Beitrag #7987286 wurde vom Autor gelöscht.
Nemopuk schrieb: > Manche Leute löten den Transistor im 45 Grad Winkel direkt auf drei Lötaugen. SOT23 und 0805 kann man auch mit "THT-Löt-Equipment" noch ziemlich gut auf Lochraster bestücken. Braucht etwas Übung und ggf. eine Lupenlampe. Jedoch: Für kleines Geld kann man sich auch gleich die passenden Platinen fertigen lassen. Deutlich zuverlässiger und reproduzierbarer. Leider mit Lieferzeit verbunden. Alex schrieb: > und keine SMD-Technik besitze, musste ich improvisieren. > [...] eine Alternative in einer TO-92 oder TO-220 Bauform? Da TO-220 größenmäßig noch OK zu sein scheint, rate ich (wenn Bestückung von SOT23 auf Lochraster partout nicht gehen will) eindeutig zu Adaptern, wie z.B.: https://www.amazon.de/SOT23-3-Drehmaschine-Adapter-Konverter-Bastelset-gr%C3%BCn/dp/B0BP147KLB/ Weil: Aktuelle Sachen gibt es in THT kaum noch und 3.3V-LL-Fet in TO-220 sind AFAIK alle längst abgekündigt. Spätstens für Breadboard-Aufbauten braucht man die Adapter sowieso immer wieder. my2ct (re)
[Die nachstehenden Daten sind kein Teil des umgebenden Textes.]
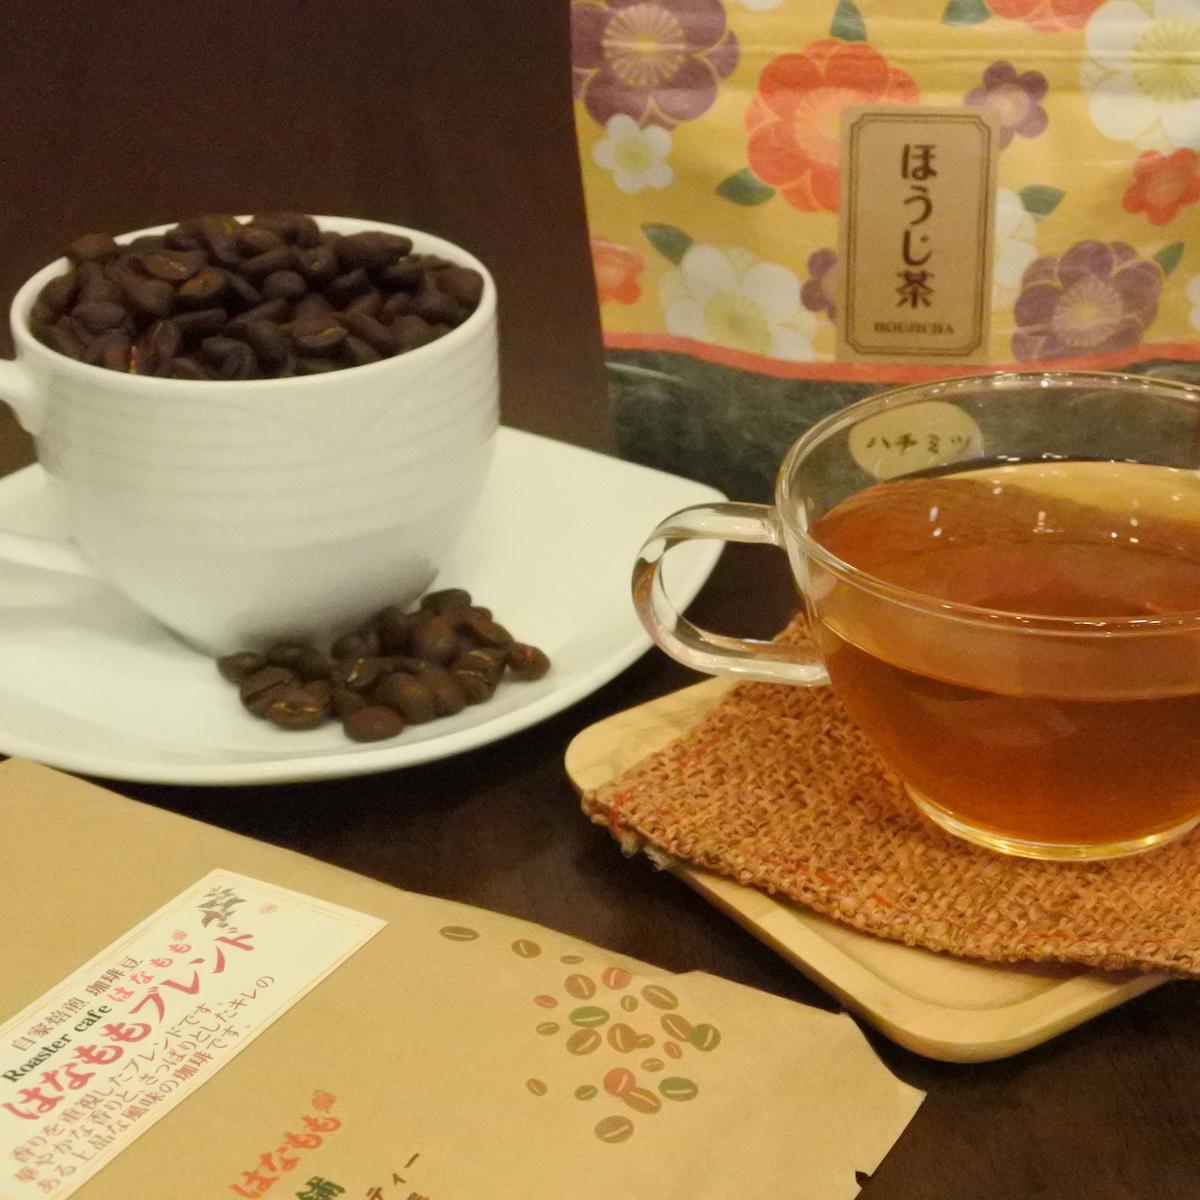 【ふるさと納税】当店オリジナルのブレンドコーヒー(豆)とフレーバーほうじ茶のセット

Idee: N-Fet in der Plusleitung, der Atmega taktet eine Spule zur Hochsetzung auf 12V für das Gate. Also ein kleines step up bauen. (Spule, NPN, Basiswiderstand zum Port, Diode, Kondensator, 12V Zenerdiode) Oder der Atmega schaltet ein kleines geregeltes 3 auf 12V step up ein.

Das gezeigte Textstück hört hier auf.